Assim, as mortes devem ser tratadas como um crime culposo (sem intenção de matar), responsabilidade que também pode ser estendida aos organizadores do evento. Essa decisão sobre os culpados só deve ocorrer no final da apuração, para o qual não há previsão.

De acordo com os laudos, todas as vítimas tinham substâncias tóxicas na corrente sanguínea -algumas delas, mais de uma substância. Na lista de elementos detectados estão álcool, cocaína, lança-perfume (loló), anfetamina e crack.

A maioria das vítimas ingeriu álcool e lança-perfume; duas delas consumiram apenas lança-perfume, produto de consumo frequente em bailes da periferia. Uma das vítimas tinha, porém, quatro substâncias diferentes no corpo: álcool, lança-perfume, cocaína e crack.

Há uma divergência entre policiais ouvidos pela reportagem sobre quanto essas drogas contribuíram para as mortes. Parte afirma acreditar haver ligação direta, porque trata-se de depressores cardíacos que, assim, contribuiriam para a insuficiência respiratória das vítimas.

Outra parte, porém, descarta a ligação com a mortes, a não ser que tenham causado problemas de coordenação motora que os levaram ao solo, ou que os jovens já estivessem caídos na viela onde foram pisoteados.

A morte dos jovens na favela ocorreu durante ação policial em um baile funk no início deste mês. Os policiais envolvidos na operação foram afastados por determinação do governador João Doria (PSDB). As investigações abertas tentam apurar se os PMs deram causa às mortes ou se elas ocorreram por eventual tumulto provocado por tiros disparados por criminosos.

No começo da tarde desta sexta (13), o secretário da Segurança Pública, general João Camilo Pires de Campos, não quis comentar o resultado dos laudos. "Vamos aguardar os inquéritos. Tem dois em curso, é prudente que esperemos a conclusão deles."

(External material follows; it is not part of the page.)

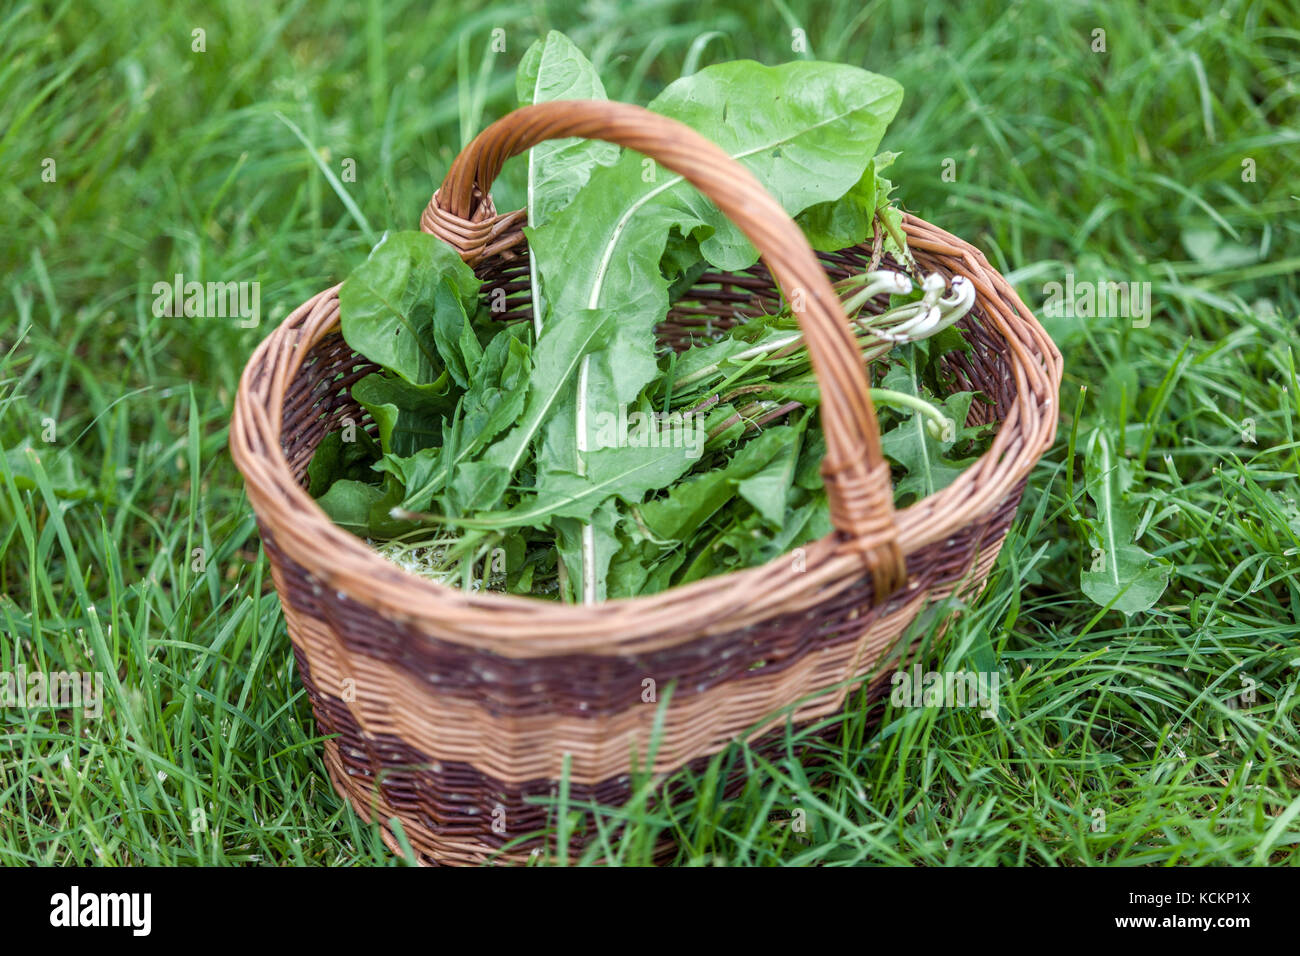 Cestino di vimini foglie di delione raccolte fresche foglie verdi di Taraxacum officinale fresche in cesto posato in erba Foto Stock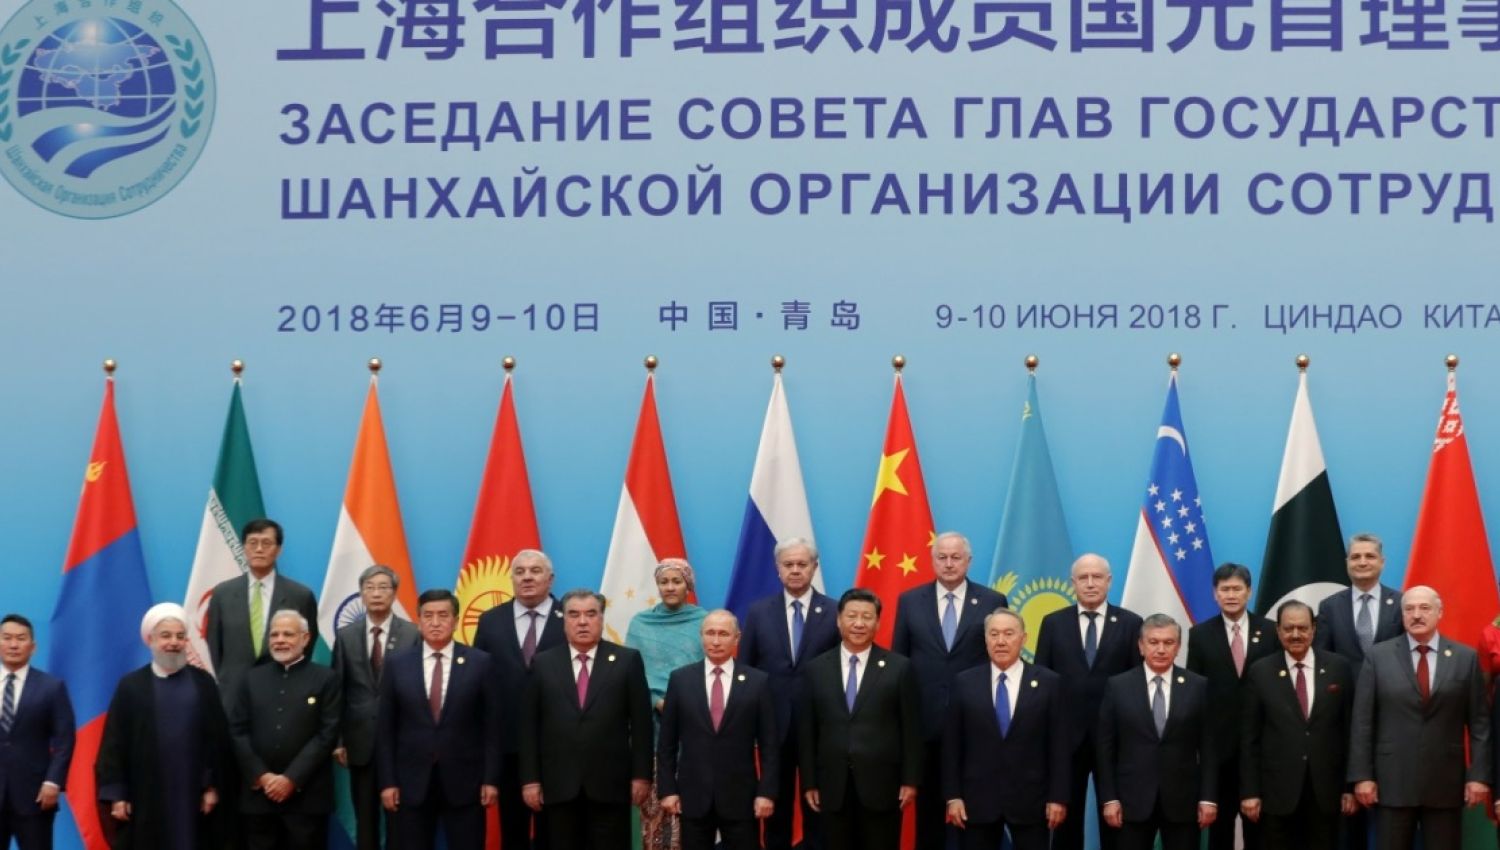 ايران روسيا والصين:حل العقدة النووية وتراجع النفوذ الاميركي

O governador João Doria também não quis comentar o laudo, mas afirmou que, se comprovada a responsabilidade dos militares pelas mortes, o governo pode pagar uma indenização às famílias das vítimas, como fez no caso do atentado à escola Raul Brasil, em Suzano (SP). "Temos que aguardar o final do inquérito. O estado não pode precipitar juízo a esse respeito. Há um inquérito policial transparente", disse Doria. "Se na conclusão houver circunstância onde o Estado tenha culpa, nós vamos agir como agimos na escola Raul Brasil, em Suzano, pagando as indenizações e fazendo isso com a mesma prioridade que fizemos em Suzano."